Sobre “A Selva”, um estrondo editorial e durante décadas um dos livros mais lidos da literatura portuguesa, disse Jorge Amado, que o considerava um daqueles romances definitivos, que foi “o bálsamo sobre a chaga aberta da violência mais ignóbil desabada sobre os índios iguais a crianças órfãs”. Ferreira de Castro precisou de muitos anos para a reviver literariamente: “Medo de abrir, com a pena, as minhas feridas, como os homens lá avivavam, com pequenos machados, as chagas das seringueiras. Um medo frio que ainda hoje sinto quando amigos e até desconhecidos me incitam a escrever memórias”, confessa num texto de 1955 destinado à edição comemorativa dos 25 anos desse romance admirável que não passou despercebido a Albert Camus ou a Blaise Cendrars.

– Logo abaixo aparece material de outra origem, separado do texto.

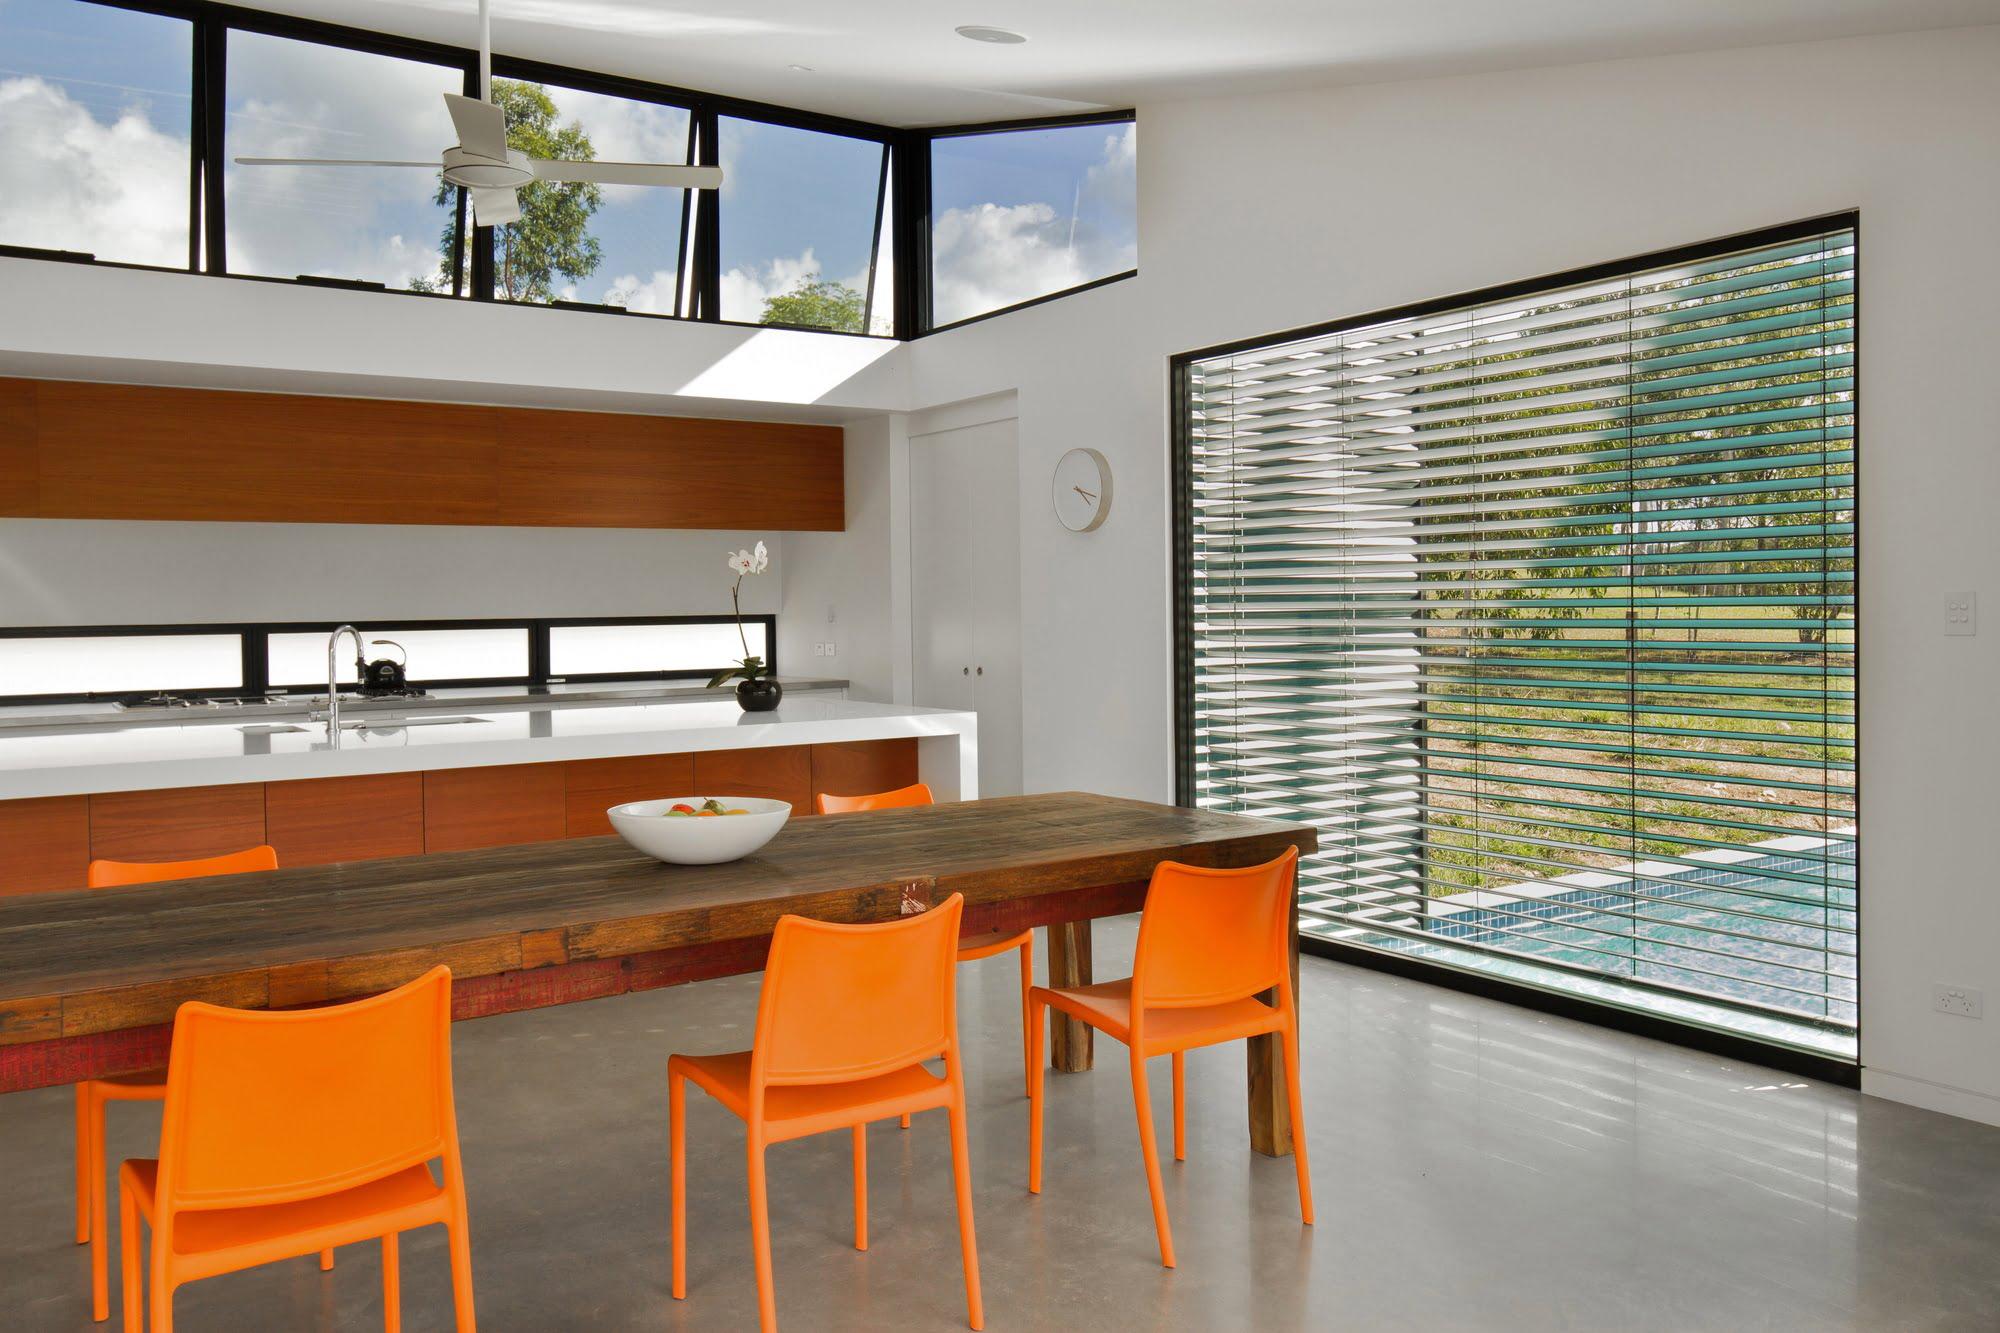 Diseño-de-cocina-comedor-en-casa-angosta - Constructora Paramount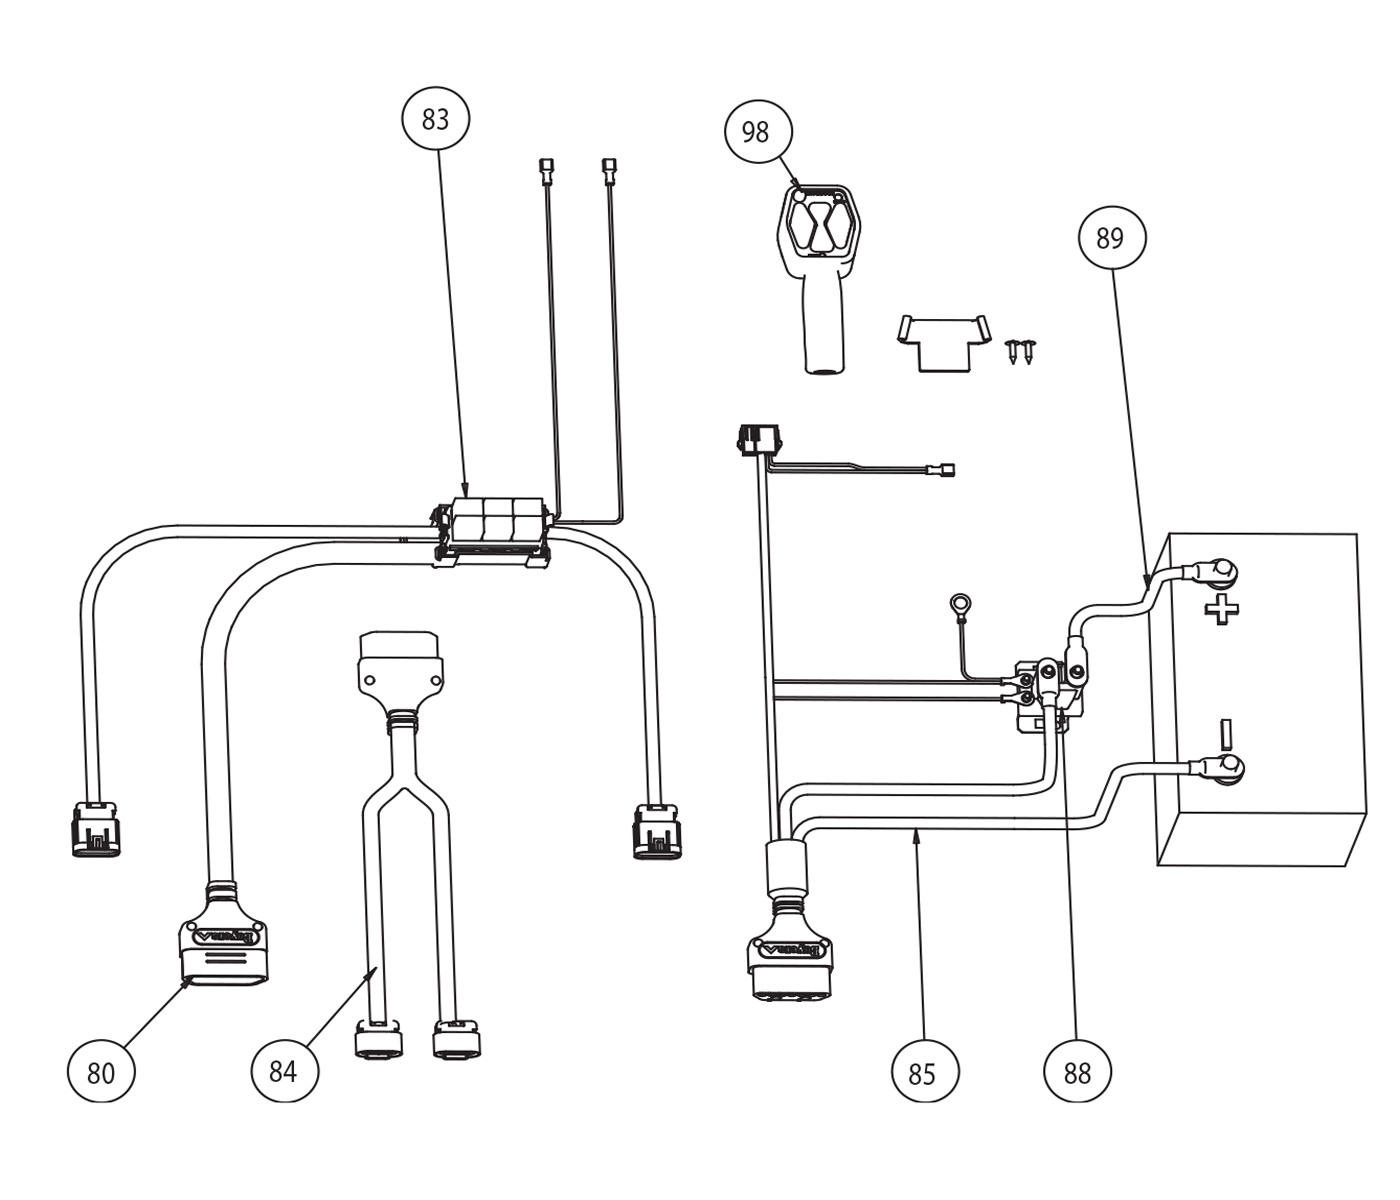 RD_6494] Snow Dog Plow Wiring Diagram Download DiagramWiluq Iness Nekout Hete Pneu Licuk Chim Xeira Attr Barep Favo  Mohammedshrine Librar Wiring 101

Já com a sua primeira novela publicada, de título muito mendiano, “Criminoso por Ambição” (1916), não deixaria a vida de o fustigar arrastando-o para uma existência de miséria extrema. Exemplo do que a vontade firme pode superar, Ferreira de Castro sempre recusou o “pobre de mim” de Mendes Pinto. Para a recuperação financeira contribuem o semanário “Portugal”, que funda em 1917, os contactos vários entretanto feitos nas viagens que realiza pelo Brasil, que lhe abrem caminho na vida jornalística, e a escrita de ficção narrativa – romances em sucessão como “Carne Faminta” (1922), “O Êxito Fácil” (1923), “Sangue Negro” (1923), “A Boca da Esfinge” (1924), “A Morte Redimida” (1925), entre outros títulos que, afastados da fase da maturidade literária, mais tarde se recusará a incluir nas suas obras completas. E mesmo aquele que considerava o seu primeiro livro, “Criminoso por Ambição”, disse que “saiu tão ingénuo, tão infantil, que não consigo evocá-lo sem ter piedade de mim próprio”.
Em 1919, regressado a Portugal, estava determinado a seguir a carreira literária e a prosseguir a atividade jornalística. Fundou a revista “A Hora” (1922), integrou o grupo anarcossindicalista A Batalha, colaborando no seu suplemento literário “Renovação” (1925-26), e cofundou o magazine “Civilização” (1928), um ano depois de ser eleito presidente do Sindicato dos Profissionais da Imprensa. Foi também redator do jornal “O Século” e diretor d’“O Diabo” (1935).
O conforto económico que em vão buscou no Brasil não o alcançou também em Portugal, onde nunca pediu nada ou “jamais [recebeu] qualquer favor ou amparo oficial”. O Monumento ao Emigrante, estátua que evoca o homem, inteiramente nu, limpando o suor da testa com a mão, é a homenagem dos conterrâneos ao romancista, notável autodidata cuja figura emerge na humanidade duma aventura imensa, terminada em junho de 1974, mal acabara de se implantar a democracia em Portugal.
A Cavalo de Ferro prossegue a reedição de Ferreira de Castro a um ritmo regular. Em “A Tempestade”, romance originalmente publicado em 1940, o autor abandona as grandes paisagens de “A Selva” para mergulhar no mundo fechado do espaço doméstico citadino, denunciando as fragilidades da Lisboa dos inícios do Estado Novo, bafienta e mesquinha, e sobretudo a condição desamparada da mulher, enfiada em espartilhos morais ainda não extinguidos. No retrato do protagonista, o bancário Albano, homem banal, inseguro, sempre pronto a tirar as medidas aos outros (e, em particular, às mulheres com quem se cruza), pela sua bitola curta, reconhecemos os Albanos que o século XXI ainda não fez desaparecer, de entendimento acanhado e gestos primitivos, dispostos a morrer e a matar em nome de uma possível traição.